We recently went through an upgrade with Vacation Village at Grandview to their Platinum program. I don't know if Platinum is different from Premium but we did get a few perks that we didn't have before. The Extra Vacation Certificates are now 2-90 days out as opposed to 2-45 days, which is pretty significant to us. We also get free membership to Sam's Club, discounted "internal" trades through RCI ($119 vs $199 in the past), and free travel insurance as long as we're traveling to/from a Vacation Village location or affiliate.


----------



## breezez (Nov 19, 2017)

rboesl said:


> We recently went through an upgrade with Vacation Village at Grandview to their Platinum program. I don't know if Platinum is different from Premium but we did get a few perks that we didn't have before. The Extra Vacation Certificates are now 2-90 days out as opposed to 2-45 days, which is pretty significant to us.

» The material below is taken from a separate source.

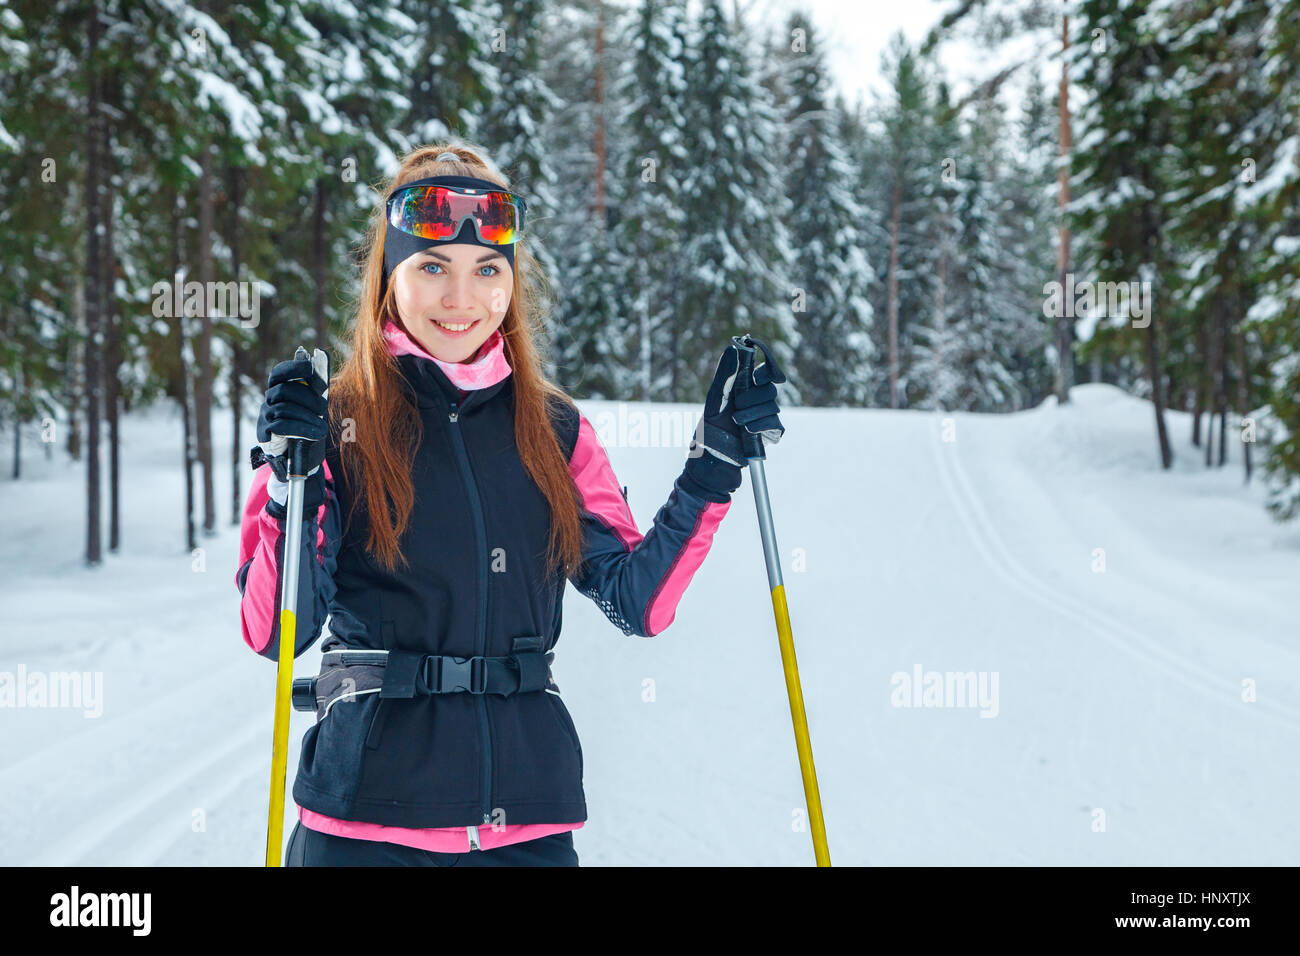 Langlaufen Frau tun klassischen nordischen Skilanglauf im Trail Spuren im tief verschneiten Wald Stockfoto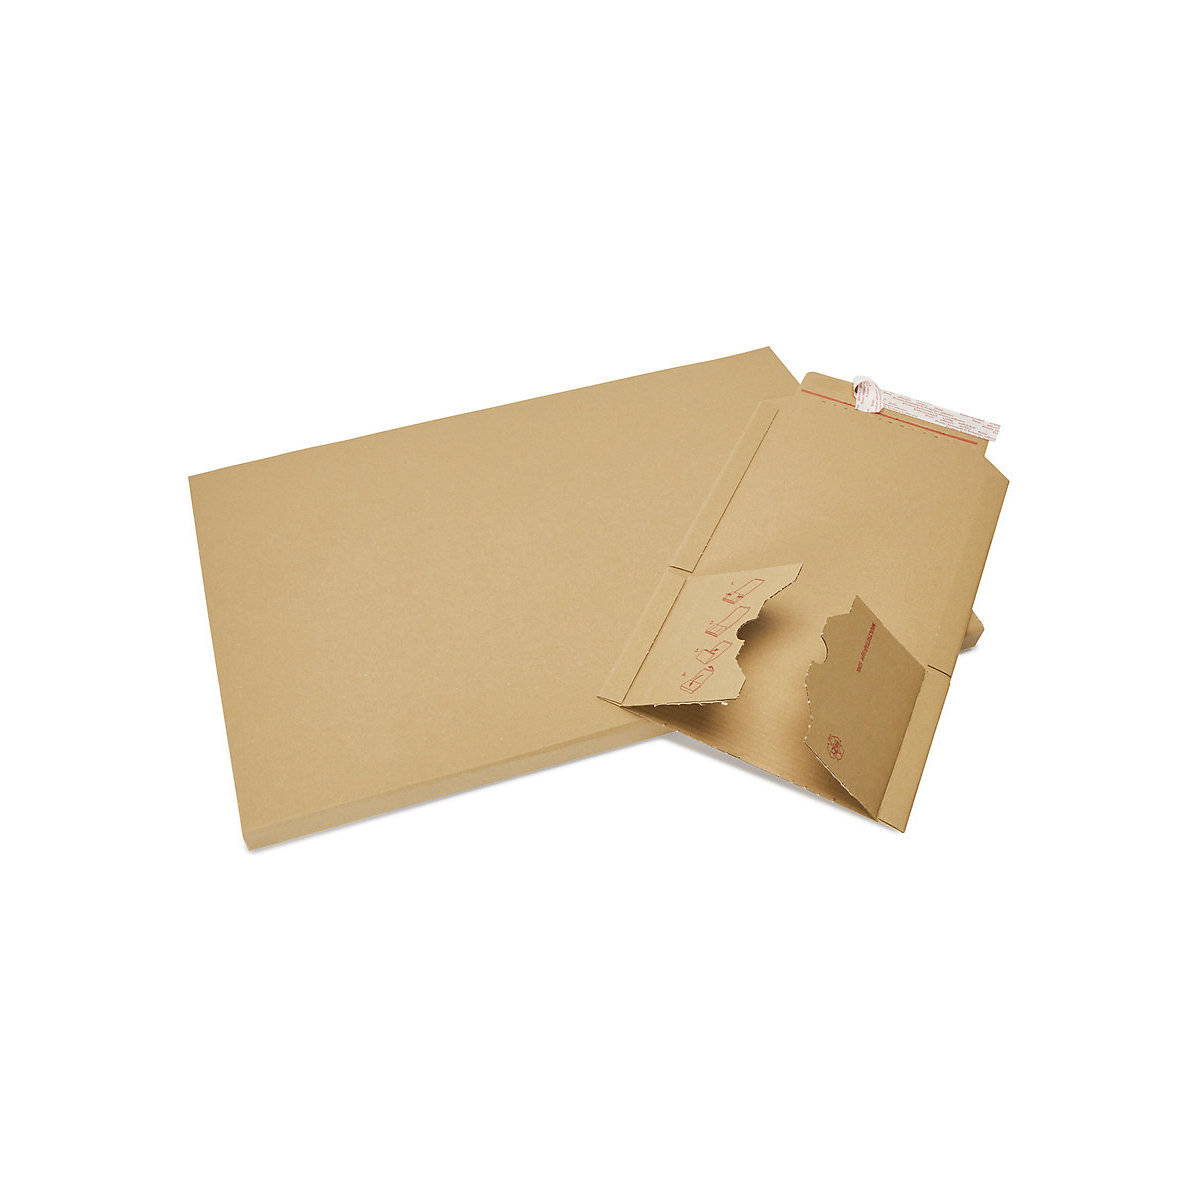 Imballaggio per libri Multistar – flow, marrone, lungh. x largh. 217 x 155 mm, a partire da 500 pz.-1

We also get free membership to Sam's Club, discounted "internal" trades through RCI ($119 vs $199 in the past), and free travel insurance as long as we're traveling to/from a Vacation Village location or affiliate.



What kind of fee did they charge you?


----------



## rboesl (Nov 19, 2017)

We added 1BR to have the full 2BR. Cost $6k


----------



## AwayWeGo (Dec 5, 2017)

Bill for 2018 maintenance fee was received in today's USPS mail delivery. 

Bill is dated 11-16-2017.

Subtracted $5 voluntary ARDA contribution & sent in the rest (via bank's internet billpayer service). 

-- Alan Cole, McLean (Fairfax County), Virginia, USA.​


----------